Revenge of the Fallen remains a contender for the Best Visual Effects Oscar after the first rounds of cuts from the initial list of 15. The 6 other films being considered are:
AvatarDistrict 9
Harry Potter and the Half-Blood Prince
Star Trek
Terminator Salvation
2012
On January 21st members of the Visual Effects branch will review 15 minute clips of each film, and will select the final three nominees who will featured at the awards ceremony. The Oscar nominees will be announced on February 2nd.
Deefuzz
Please take the discussion over here:
Transformers not in finals for VFX Oscar – TFW2005 – The 2005 Boards
SilverOptimus
It is in a very sad note that we announce that ROTF didn't make it to the VFX Award in Oscars. Which begs us the question that… The Selectors; WHAT WERE THEY THINKING ???
(News thanks to Optimus747 of TFW2005 Boards)
Starwave
Sorry, but Avatar is going to win. Just kinda obvious.
Bumblethumper
Avatar wasn't just about creating amazing CG animals, it was also about creating believable characters that not only bridge the uncanny valley, but deliver more compelling performances than many flesh and blood actors in other films. And it's not just the creatures that were CG, but whole environments with vines and leaves and a whole ecosystem that the characters interact with.
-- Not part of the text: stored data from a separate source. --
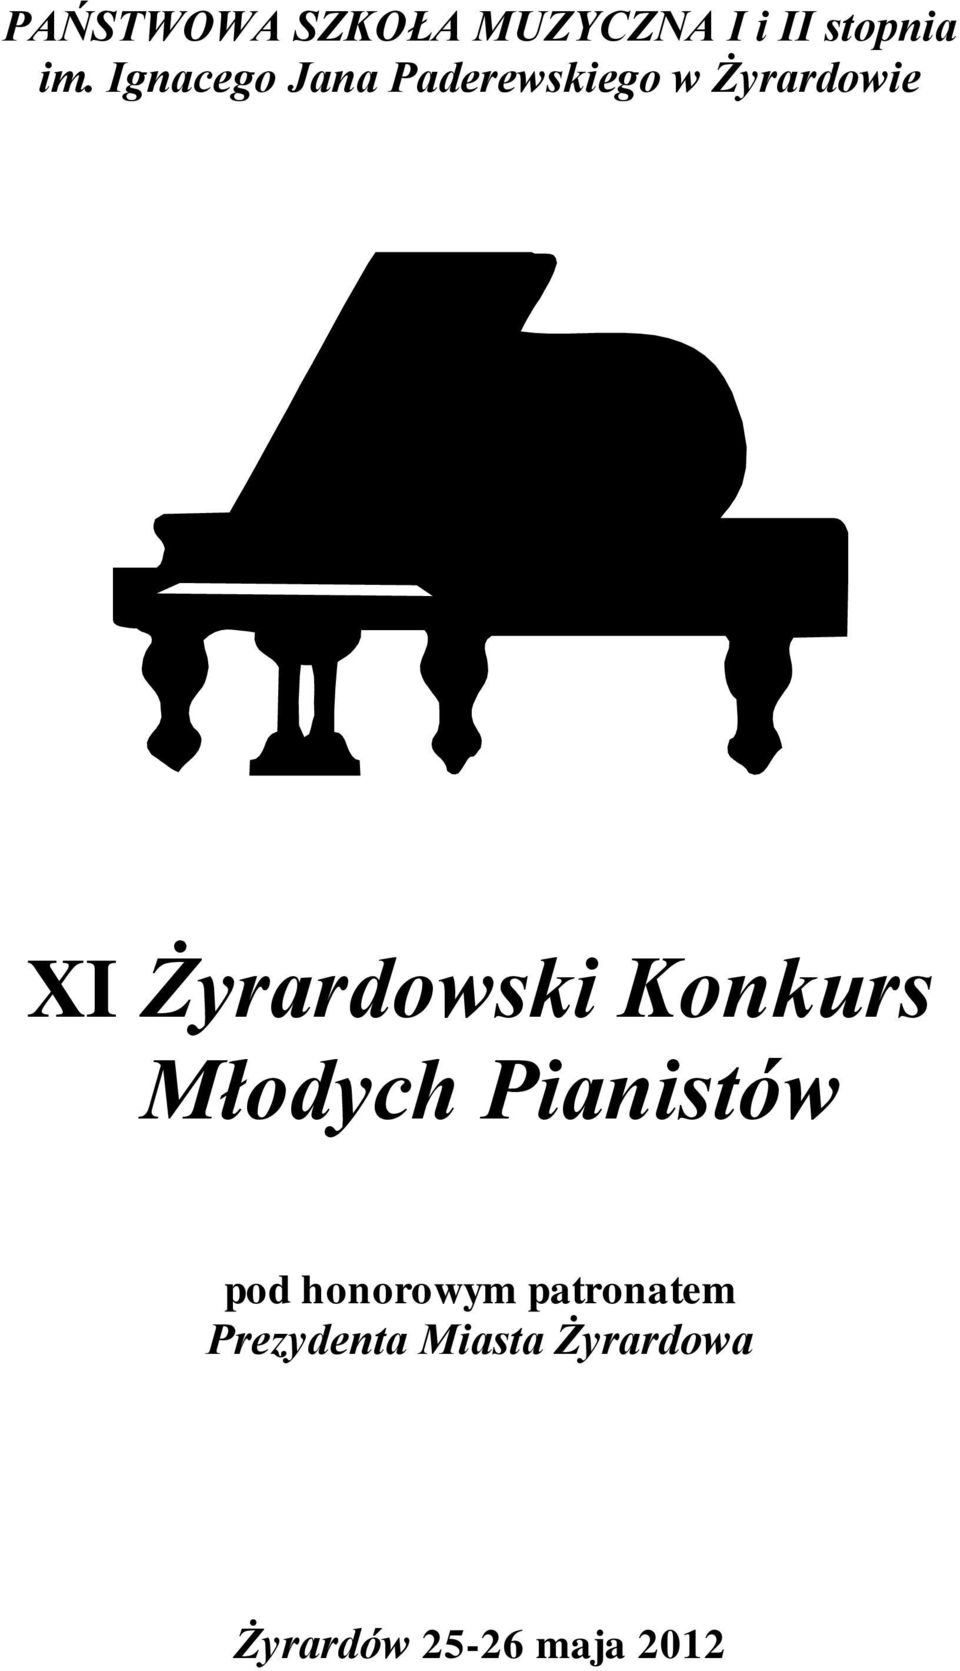 Żyrardowski Konkurs Młodych Pianistów pod
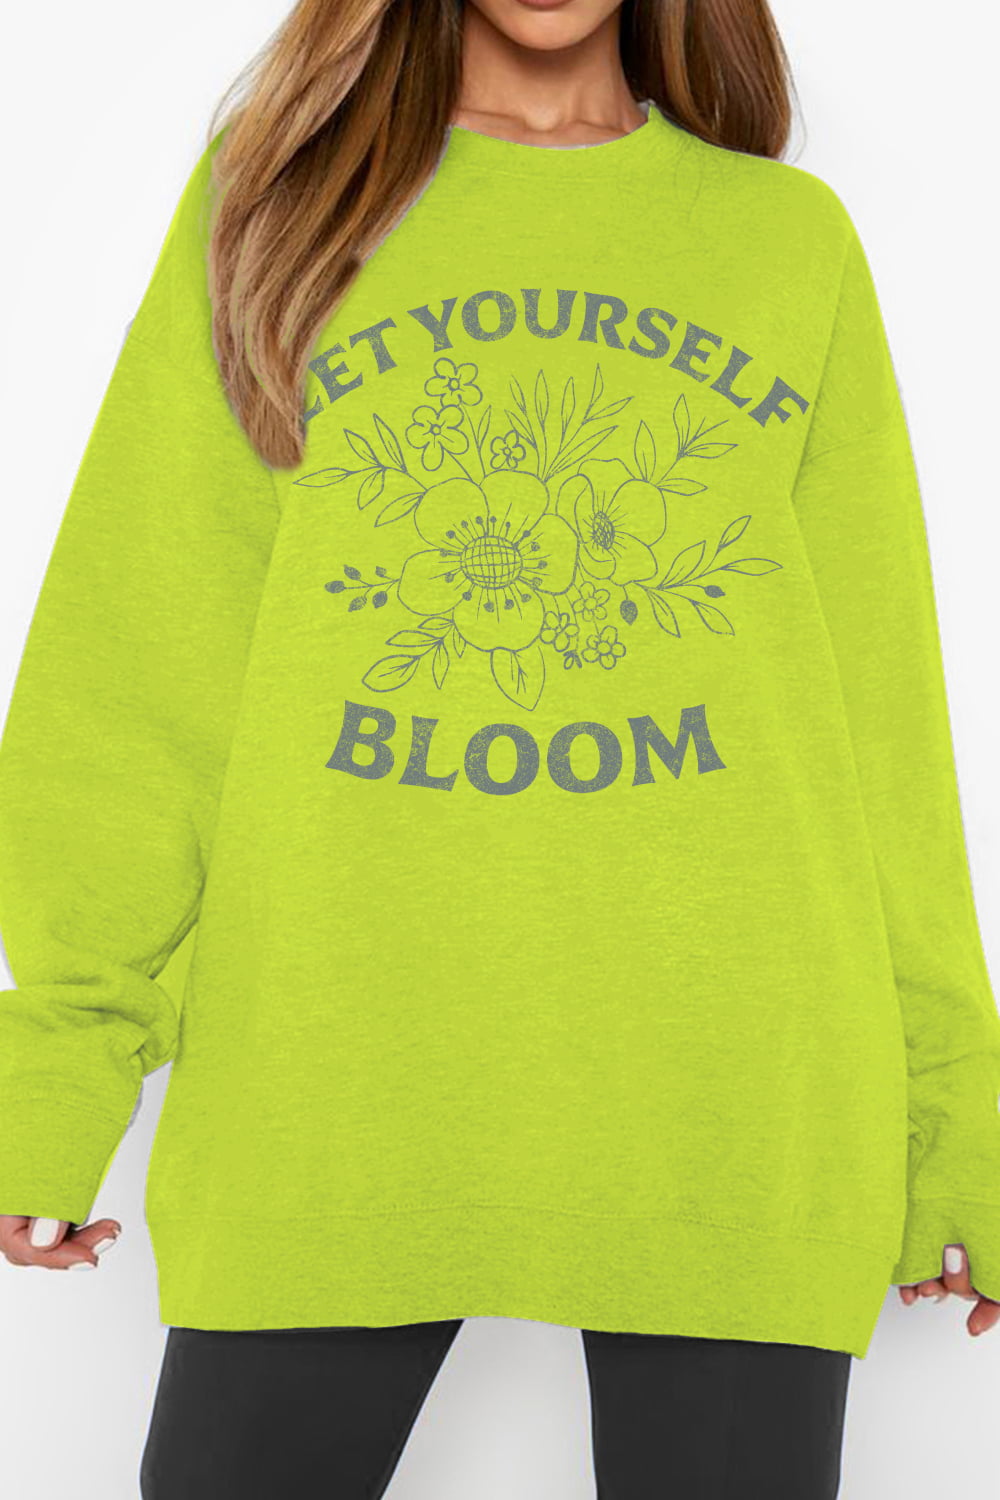 LET YOURSELF BLOOM Sweatshirt | AdoreStarr
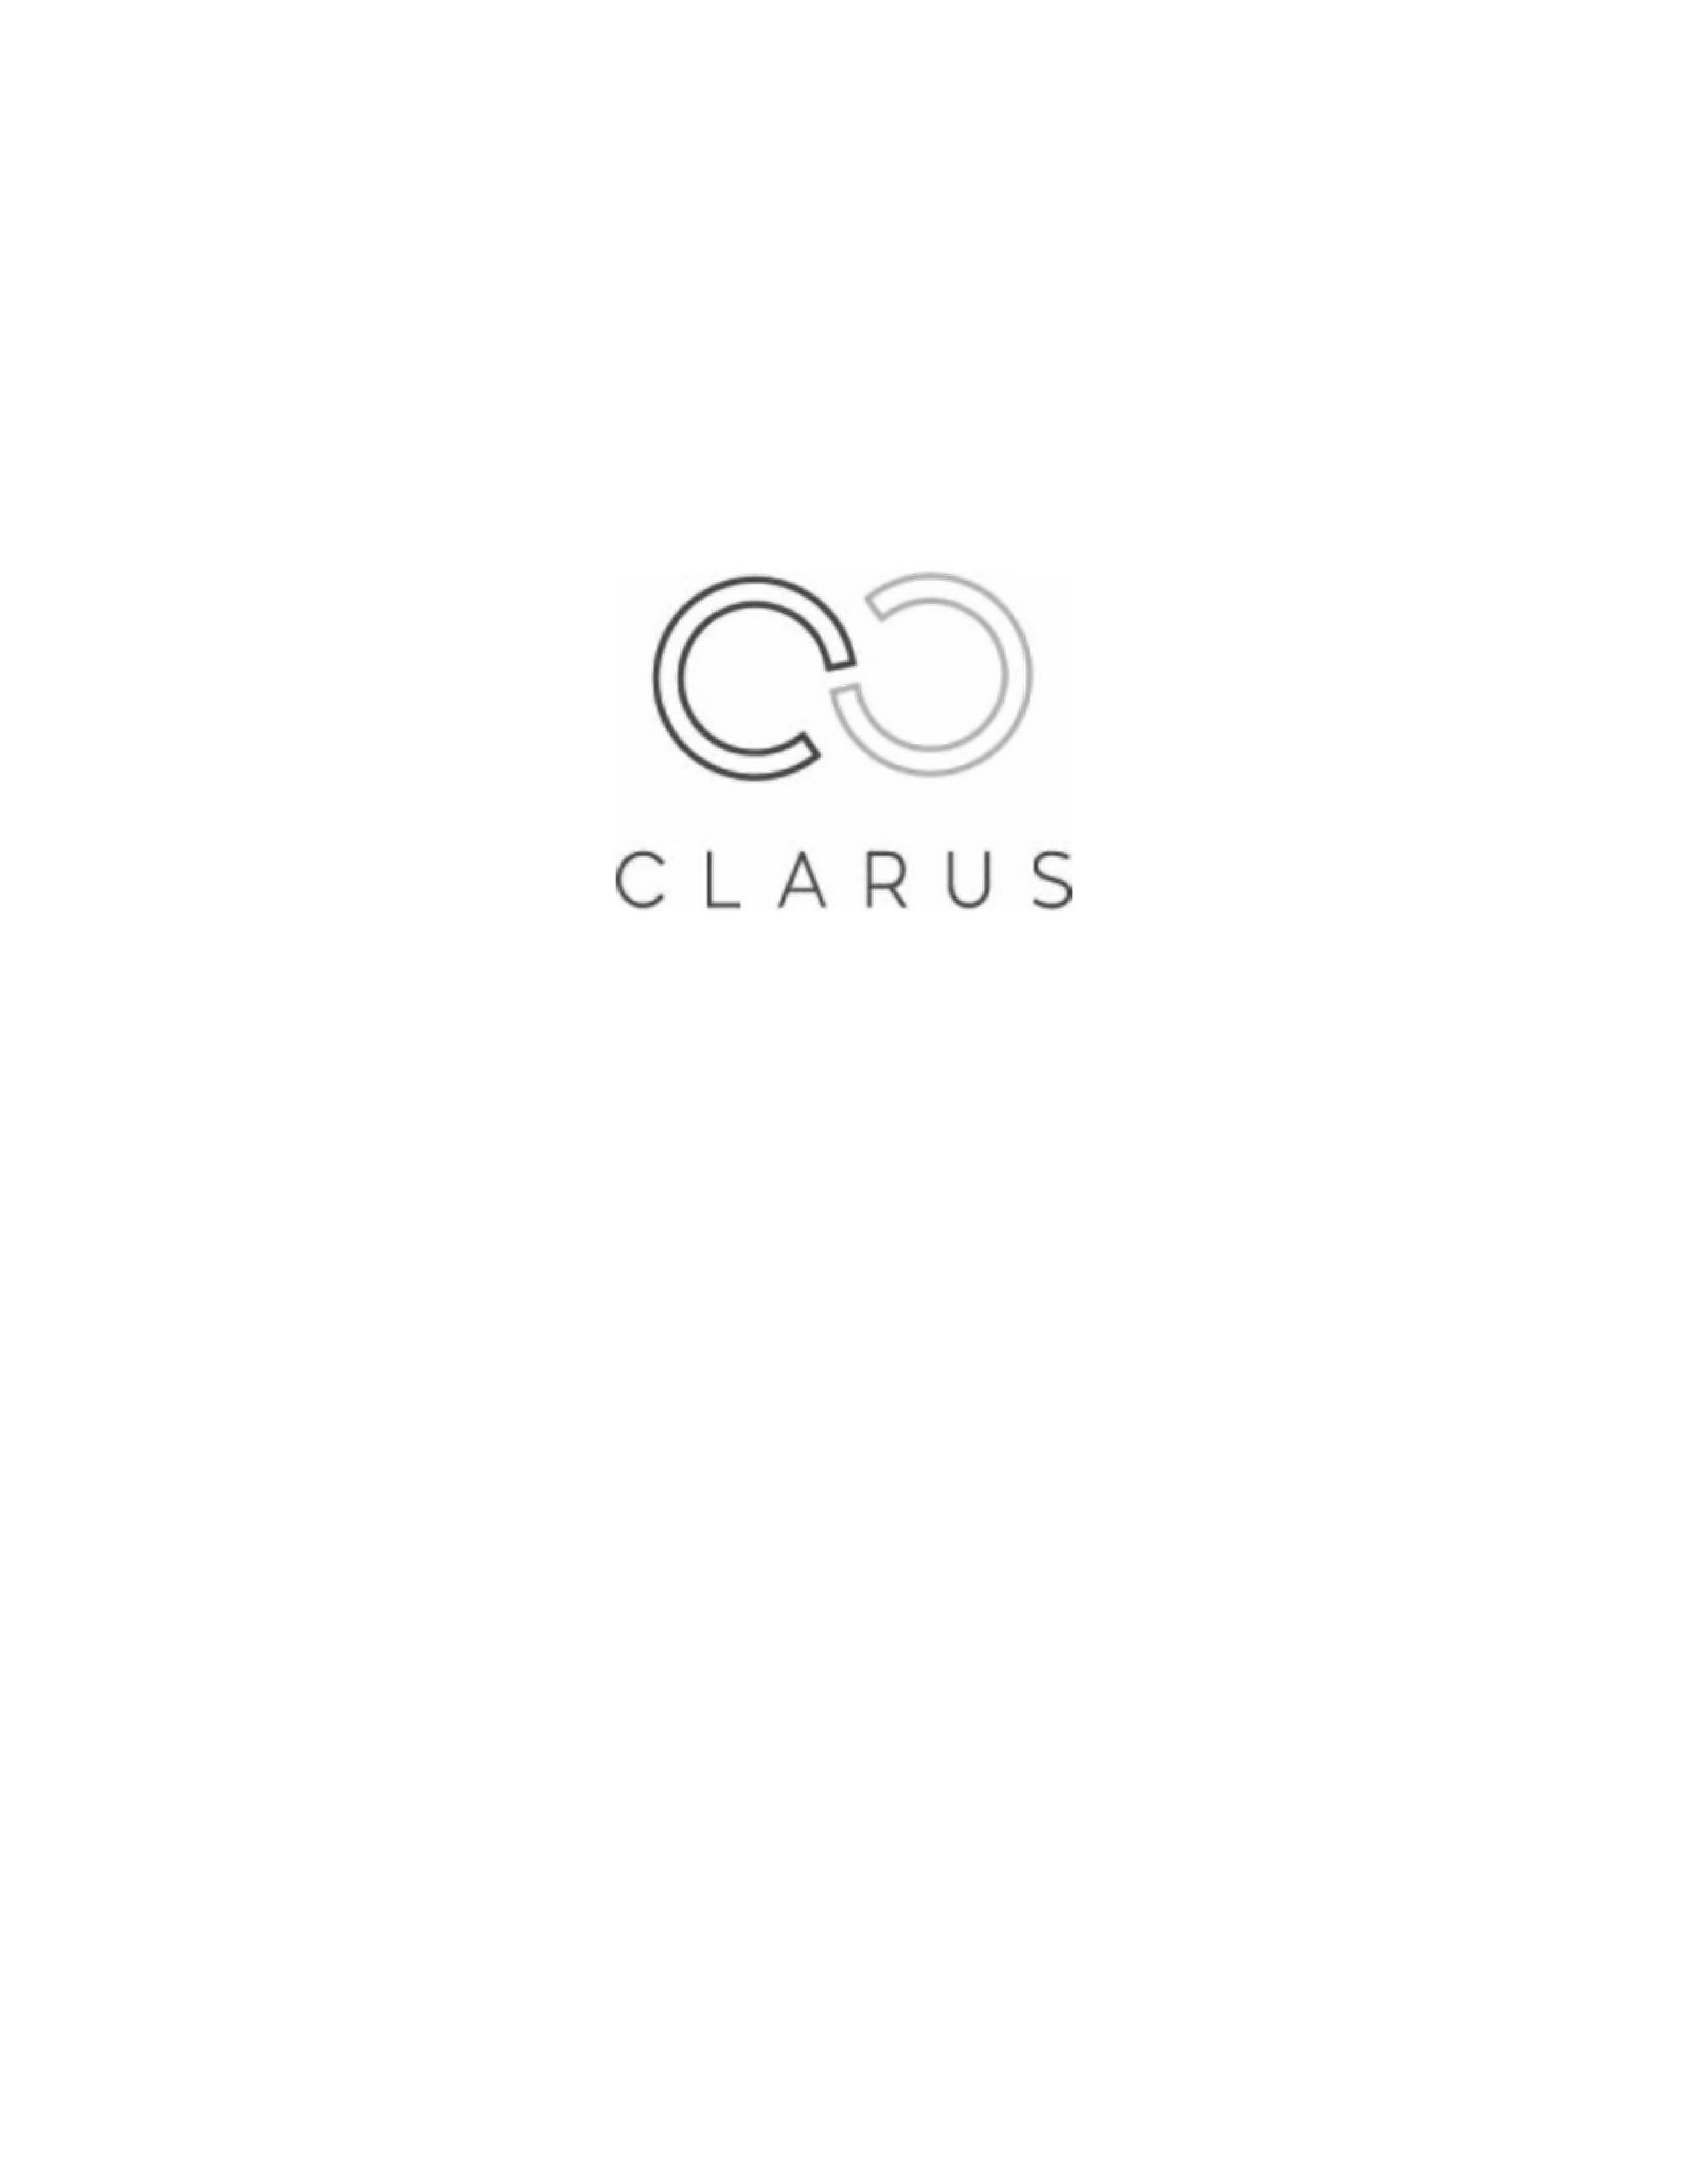 CLARUS

That was an impressive effect, in that no one hardly mentions it, for the most part it is taken for granted, which shows that it worked.
Avatar vs Transformers isn't just about the difficulty of organic vs robotic. Avatar also has a large array of CG'd heavy machinery, including of course, those robot suits.
On so many levels Avatar deserves to win.
One area in which Transformers is often overlooked is the compositing. The TF movies have some insanely messy and complex composites. There's the CG robot, which people notice, but there's all kinds of environmental interactions going on with destruction, dust, explosions, lighting conditions, human interaction, an endless amount of stuff.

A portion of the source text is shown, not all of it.